А я поднимаюсь на деревянное крыльцо флигеля и сажусь на ступеньку… Но жутко здесь, в этой котловине, со всех сторон замкнутой холмами, спускающимися к пересохшему руслу Воргла, и бледно освещенной неверным месячным светом! Пустой широкий двор переходит в мужицкий выгон, а за выгоном чернеет семь приземистых избушек, глубоко затаивших в себе свою ночную жизнь… — Корней, — говорю я, как только Корней показывается с лошадьми из-под горы, — надо ехать! Поедем шажком, а уж покормим дома. Корней останавливается. Ну его к черту!.. Корней завертывает цигарку, глядя в землю, и долго молчит.

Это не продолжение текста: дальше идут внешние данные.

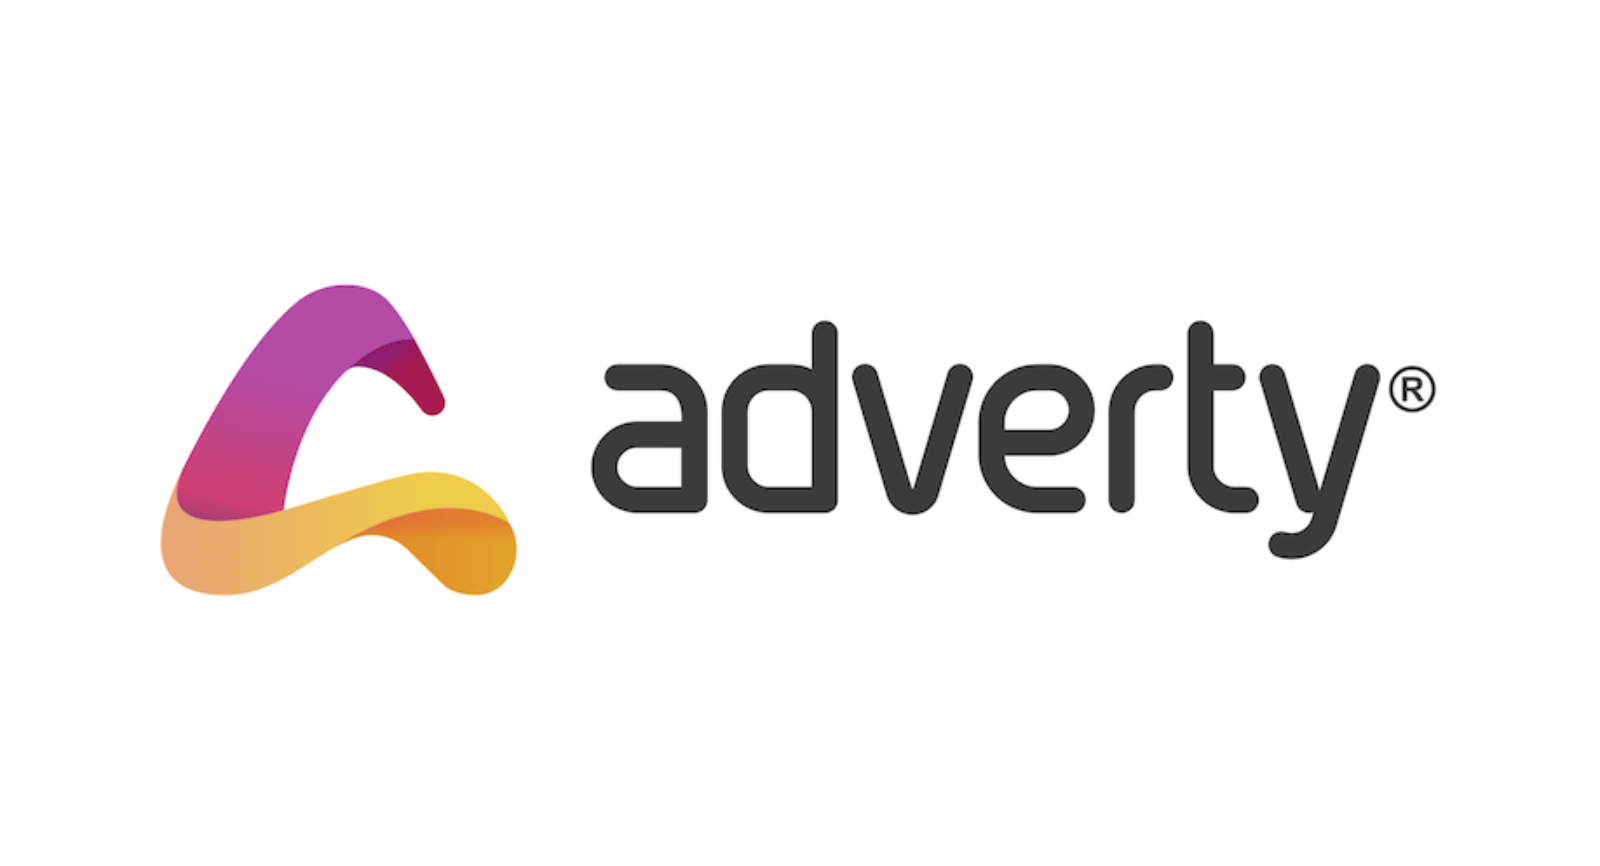 VAST, in game advertising, in play videos, programmatic advertising, programmatic video, adverty, adtech, gaming, digital advertising

Потом сдержанно отвечает: — Живем пока… — То есть как «пока»? А потом-то что ж? Все что-нибудь да будет… — Что же? Разойдется народ по другим местам, либо еще как… — А как? При свете месяца ясно видно лицо Корнея, но, опуская голову, он сдвигает брови и отводит глаза в сторону. И молча лезет на козлы.

На нем гимназический картуз, шелковая коричневая косоворотка, козловые сапожки с сафьяновым ободком на голенищах. Он сидит сзади отца на беговых дрожках, дрожки шибко катятся большой дорогой, а вокруг поле, летнее жаркое утро… Старую донскую кобылу подали к крыльцу чуть не на рассвете. Но, Боже, сколько раз заглядывал Иля в кабинет отца, в тщетной надежде, что разговор со старостой кончен! Уже и росистая трава в тени от амбаров успела высохнуть, и запахло в саду оцепеневшей на солнечном припеке черемухой… Даже кобыла и та стала задремывать от скуки: осела на левую заднюю ногу, прижала одно ухо, прикрыла глаза… Но всему бывает конец, кончилась и пытка ожидания. Держится Иля за кожаную подушку сиденья, задрав ноги на заднюю ось и почти касаясь лбом ружейных стволов на спине отца, поглядывает, как трепещут сверкающие на солнце спицы, как бежит по пыли возле них белая, с подпалинами, Джальма, близко видит загорелую шею и широкий затылок под белым картузом… Солнце стоит высоко и сильно припекает, кожа на дрожках стала горячая, — приятно пахнет нагретой кожей и колесной мазью. Душная, густая пыль облаком встает из-под колес, парусиновый пиджак на плечах отца темнеет… Но вот и проселок — полевой рубеж, длинным узким коридором теряющийся меж стенами высокой серо-зеленой ржи.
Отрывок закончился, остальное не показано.